Life in Sæcaster had confounded her expectations in so many ways. She had cried all through the first summer, snivelled through the first autumn. The brooding darkness of the first winter had been laden with the extra dread of approaching childbirth. But then, a small pink person had come into her world and charmed her utterly and completely. His total, unconcealed, unrestrained adoration of her was like a spell. She fell deeply in love. The second baby had doubled the feeling.
Then she had looked down at her breasts and belly and decided two was enough, especially since she had met
Crispin. Gorgeous, tall, hard-bodied Crispin, who was half her husband’s age and whose smile could make her clothes fall off. How they loved to make moony eyes at each other and fumble about in the hayloft; she didn’t want him having to search around her waist for her nipples. Besides, every subsequent child increased the risk of her having a girl, who might grow up to be gorgeous at the same time as Ivy lost her looks. A beautiful daughter wasn’t a fate she’d wish on her worst enemy.
In all, life as the wife of a duke was not as bad as she’d feared. Except for the duke himself, that was.
The door to his bower opened and Elgith, his serving woman, stood there. In her hands was a tray with Guthmer’s supper on it.
Ivy leapt up. ‘I’ll take it,’ she said.
Elgith, who had always been silently hostile to Ivy, held tight to the tray. ‘I’ve brought this from the kitchen and it’s my job to serve –’
‘I said I’ll take it,’ Ivy repeated, a little more steel in her voice. ‘I like to feed him.’
Guthmer chuckled from his bed. ‘Dear ladies, don’t fight over me.’
Ivy smiled at him, but inside her head she called him savage names. Fight over me. She knew Elgith had once been his lover – still was for all Ivy knew or cared; it wasn’t as if her old womb could quicken. If the fight was over who got to sit on his ancient, crinkly cock, then Ivy was happy to let Elgith win.
‘Darling, I love being your wife, and I love serving you,’ Ivy said to him. ‘Now sit up and let me give you some soup.’

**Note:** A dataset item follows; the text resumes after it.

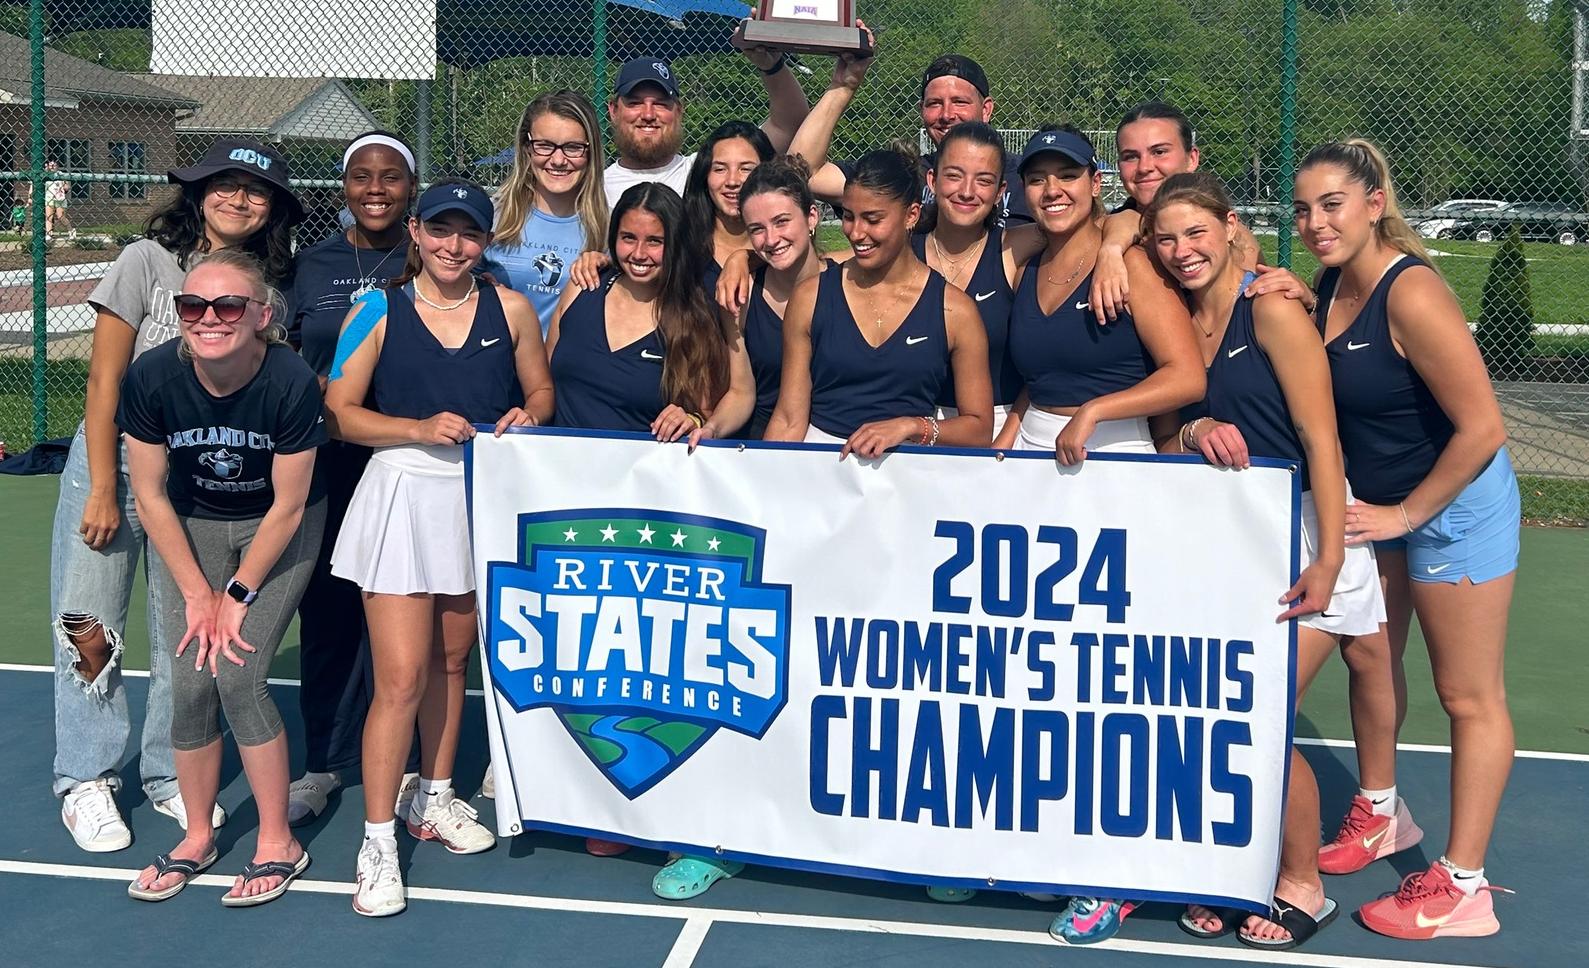 Oakland City Women's Tennis Repeats as River States Champions

She helped Guthmer to sit, propping him with pillows. Elgith still stood in the doorway, eyeing her carefully. Ordinarily, Ivy would tell Elgith to get out, but today she was happy to let the older woman see her tend to her husband, all pretty and young and glowing with her golden hair, spooning the soup directly into his grey mouth. Slowly does it. Slowly, slowly.
Elgith, satisfied that Ivy was not up to no good, left, closing the door behind her.
‘You are good to me,’ Guthmer said, leaning back and sighing with exhaustion. ‘Sometimes I think I’ll never be well again. I am so tired. Even eating makes me tired.’
‘Hush, now. You’ll be fine after a little more rest. Come along, eat your soup.’
Slowly, slowly. If he declined any quicker, it would raise suspicion. Give them time to get used to having a sick leader, a leader who hadn’t been out of bed in months. Then his death would look perfectly natural and expected, and nobody would suspect Ivy of anything.
Seven
Sister Julian always arrived directly after breakfast, but today she was late. Rowan didn’t seem to have noticed. She was happily playing with Strike and Stranger on the floor, pretending to be a cat and getting them to chase her. Skalmir hovered near the open front door, watching the road. It had been a week of foul weather and, today being a fine day, he hoped to get out to the far side of the wood to do some hedge trimming and mending. He had his scythe and his crook on his belt, his oak-and-iron shovel waiting by the door, his axe on his back, his handsaw, tools, and his food in his pack. Ten miles of dense woodland lay between his house and the far side of the wood, and the later Sister Julian arrived, the more time he would lose.
As soon as he heard hoofbeats, he kissed Rowan goodbye and picked up his shovel. But as he walked down to the road, the dogs at his heels, he saw it wasn’t Sister Julian at all, but the son of the innkeeper from Nether Weald.
‘Morning, sir,’ the young man said, reining the horse in.
‘I wasn’t expecting to see you.’
‘No, sir. Sister Julian … she’s sick. She won’t be coming today. Maybe not for the rest of the week. She sends her apologies.’
Skalmir hid his frustration. If Sister Julian was unwell, there was nothing to be done.
Rowan had emerged from the house and was standing on the front path watching curiously.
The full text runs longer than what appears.